I laughed. “My ambition is the latter.”

“My commendation, then,” she answered, “for all you did. Your new people thank you.”

“You are a thousand times welcome.”

She gave the expansive Niah shrug, then opened her hand. A pin made of a shark’s tooth edged with red ochre lay on her palm. “Any Niah who has fought a real action for Niah territory and defense is entitled to wear one.” Niah wristlets, I thought. I bowed as A-niah bow, and pinned it on the thong that held my crystal.

“You should know: the Arkans are still after you. We haven’t questioned the Aitzas yet—that’s next—but you are specifically mentioned in the written orders.”

I let out a hissing breath. I don’t know why I pretended to myself I wasn’t sure. “How did they know I was here?”

“I have an octopus to flush out of hiding on Stranger’s Island, obviously.” A spy, I saw she meant. Tentacles reaching out; an apt analogy.

“I hadn’t been meaning to stay long. I’m waiting for a cormarenc, as Niku might have told you.” And we will leave by night, and come into every port we come into at night, too, I decided, right then and there. “Now, I will have to part ways with her for a little. I’m inuring myself to it.” Not well, when I thought about it. I wanted to run back into the infirmary and attach myself like a limpet to Nikus bed right now.

Breicia stroked my shoulder, startling in someone so gruff. “She’ll be all right, don’t worry. We’ve got scouts looking out for your cormarenc. Looks like I’m sending some to Ro, too, to see just how severely they stripped themselves down to try to take us.”

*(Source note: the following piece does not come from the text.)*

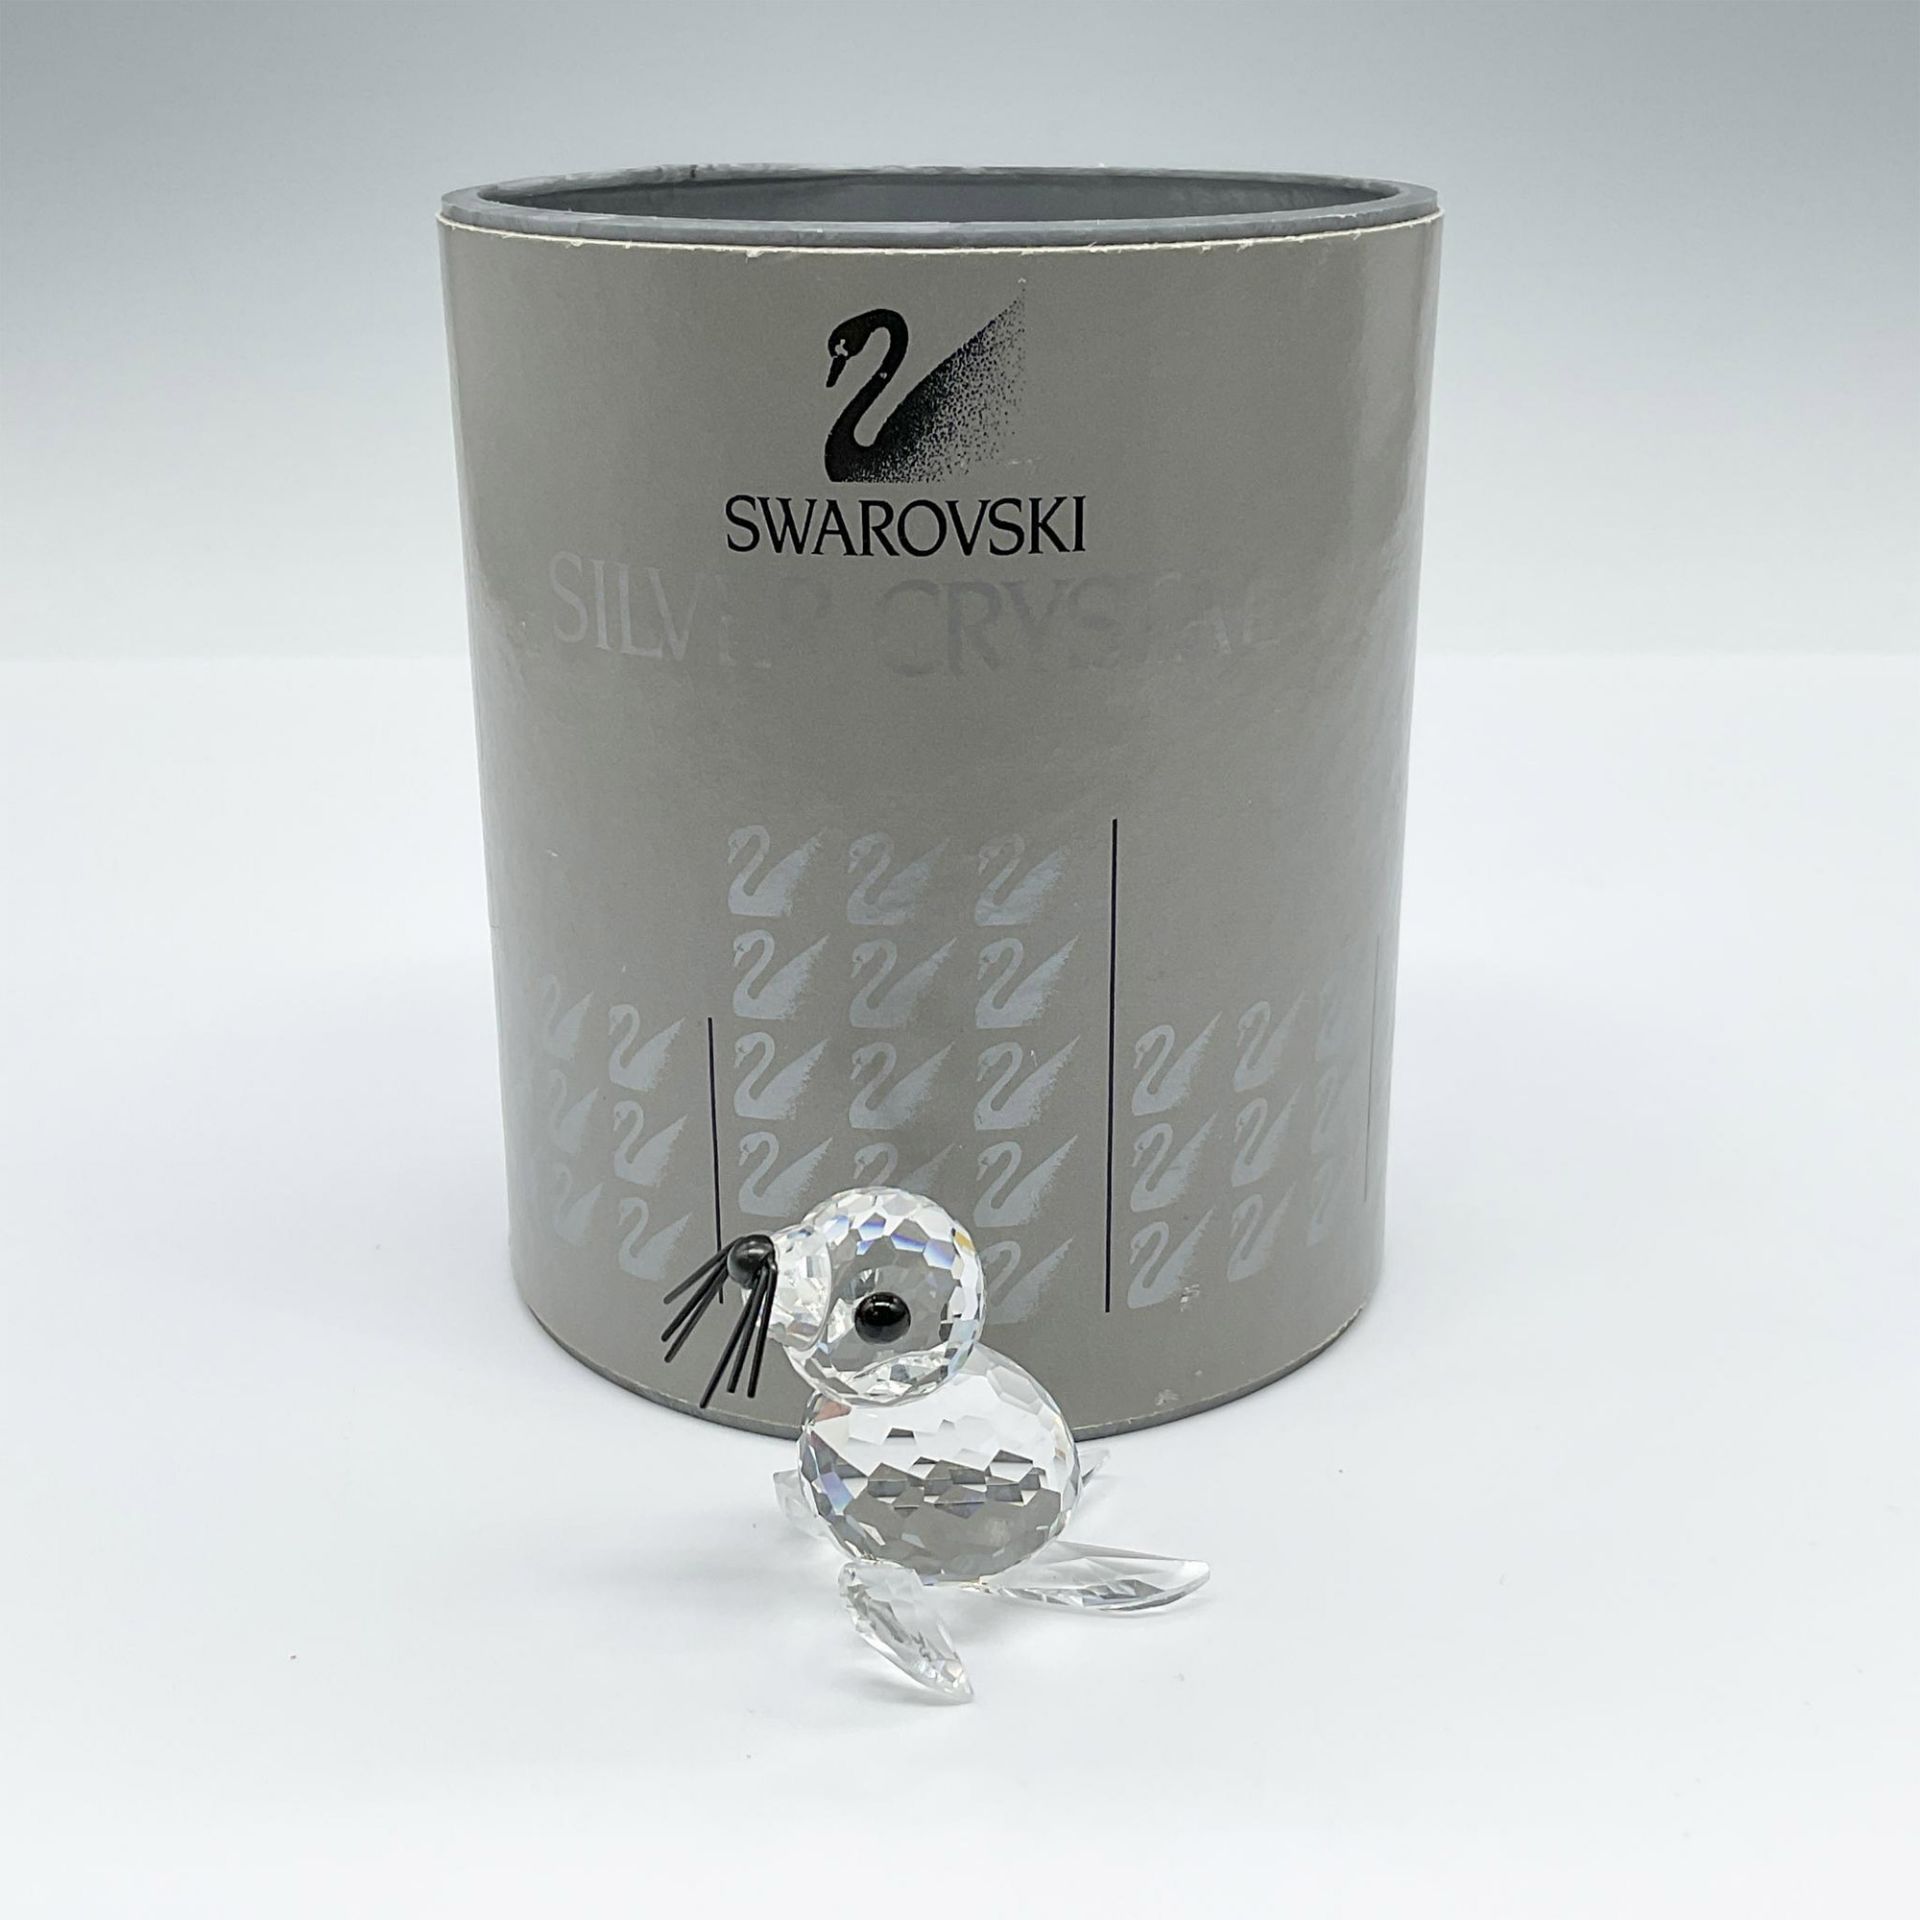 Swarovski Silver Crystal Figurine Baby Seal w/Black Whiskers - Image 4 of 4

“Thank you,” I said. “How severely they stripped themselves down? What are you thinking, if you don’t mind me asking?” If there’s anyone who knows that glint in a general’s eye, it’s another general.

Sijurai and Baska both did a bit of a jump at what she said, before he translated it. “If his land rejins are as depleted as his ship crews and ships—I am seriously considering going outside our traditional territory.”

“You mean taking it? You want to expand? Once you take something, you have to keep it. From those who want it back. The risk of empire.” Ask the Arkans in Yeola-e a year from now, I thought, if there are any left.

“It’s the defense of the islands I am considering. All major attacks on us have been launched from Ro. Almost invariably. I don’t want to own the port; I just want to root out the toothed eel nesting there that threatens to bite my children.”

“You mean to liberate it from Arko and give it back to its own; do that and the Roians will be with you, and grateful afterwards. If it’s so stripped down, they might be plotting already; if I were them I would. I wonder…” I saw the flash behind my eyes, and heard a breath of the singing wind. “Breicia, you have entrusted me with far more than this... so I will tell you. The person bringing the cormarenc is our privateer admiral, Krena Salhalil. You are bringing the secret out soon… why not work together with our privateers now? What would you be able to do, if you carried wings on ships?”

The glint in her eyes turned to fire, as from a spark.